Contents
USAGE:
[v_SA_SA, v_SA_CT, v_CT_CT, v_SA_P, v_CT_P] = gsw_specvol_second_derivatives(SA,CT,p)
DESCRIPTION:
Calculates the following three second-order derivatives of specific
volume (v),
(1) v_SA_SA, second order derivative with respect to Absolute Salinity
at constant CT & p.
(2) v_SA_CT, second order derivative with respect to SA & CT at
constant p.
(3) v_CT_CT, second order derivative with respect to CT at constant
SA & p.
(4) v_SA_P, second-order derivative with respect to SA & P at
constant CT.
(5) v_CT_P, second-order derivative with respect to CT & P at
constant SA
Note that the 75-term equation has been fitted in a restricted range of
parameter space, and is most accurate inside the "oceanographic funnel"
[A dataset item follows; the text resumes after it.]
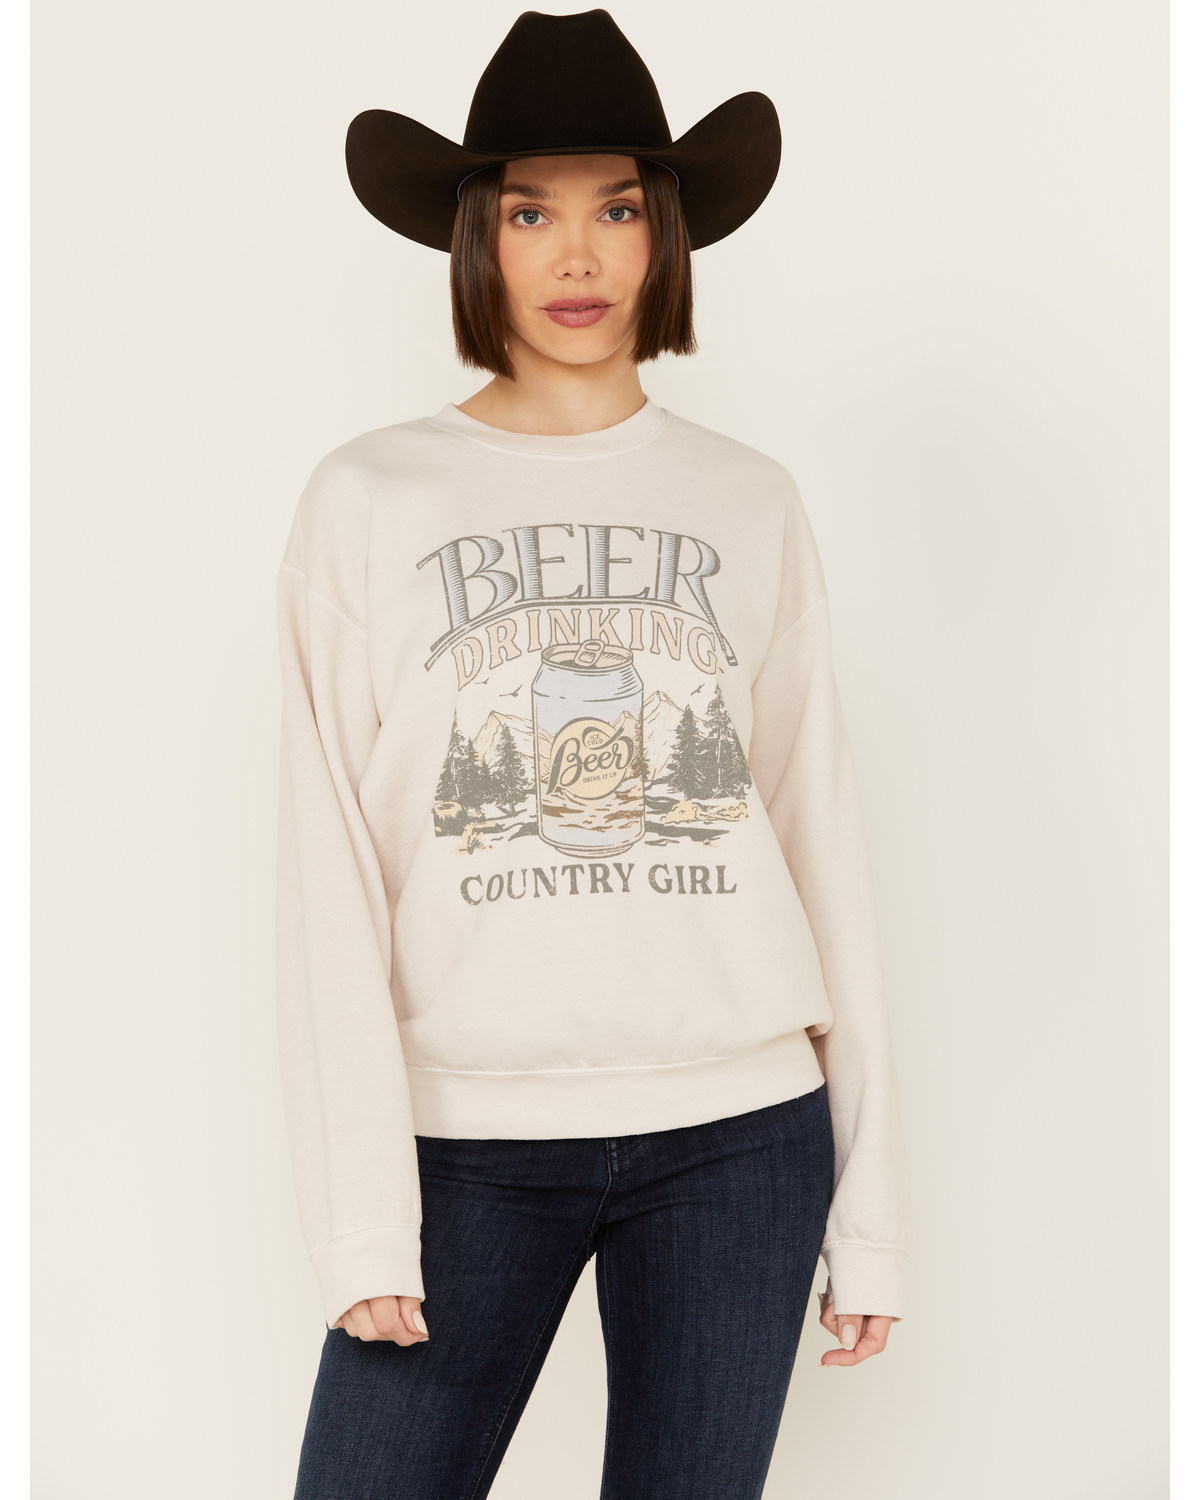 Youth Revolt Women's Beer Drinking Sweatshirt

described in McDougall et al. (2003). The GSW library function
"gsw_infunnel(SA,CT,p)" is avaialble to be used if one wants to test if
some of one's data lies outside this "funnel".
INPUT:
SA = Absolute Salinity [ g/kg ]
CT = Conservative Temperature [ deg C ]
p = sea pressure [ dbar ]
(i.e. absolute pressure - 10.1325 dbar)
SA & CT need to have the same dimensions.
p may have dimensions 1x1 or Mx1 or 1xN or MxN, where SA & CT are MxN.
OUTPUT:
v_SA_SA = The second derivative of specific volume with respect to
Absolute Salinity at constant CT & p. [ (m^3/kg)(g/kg)^-2 ]
v_SA_CT = The second derivative of specific volume with respect to
SA & CT at constant p. [ (m^3/kg)(g/kg)^-1 K^-1]
v_CT_CT = The second derivative of specific volume with respect to
CT at constant SA and p. [ (m^3/kg) K^-2) ]
v_SA_P = The second derivative of specific volume with respect to
SA & P at constant CT. [ (m^3/kg)(g/kg)^-1 Pa^-1 ]
v_CT_P = The second derivative of specific volume with respect to
CT & P at constant SA. [ (m^3/kg) K^-1 Pa^-1 ]
EXAMPLE:
SA = [34.7118; 34.8915; 35.0256; 34.8472; 34.7366; 34.7324;]
CT = [28.7856; 28.4329; 22.8103; 10.2600; 6.8863; 4.4036;]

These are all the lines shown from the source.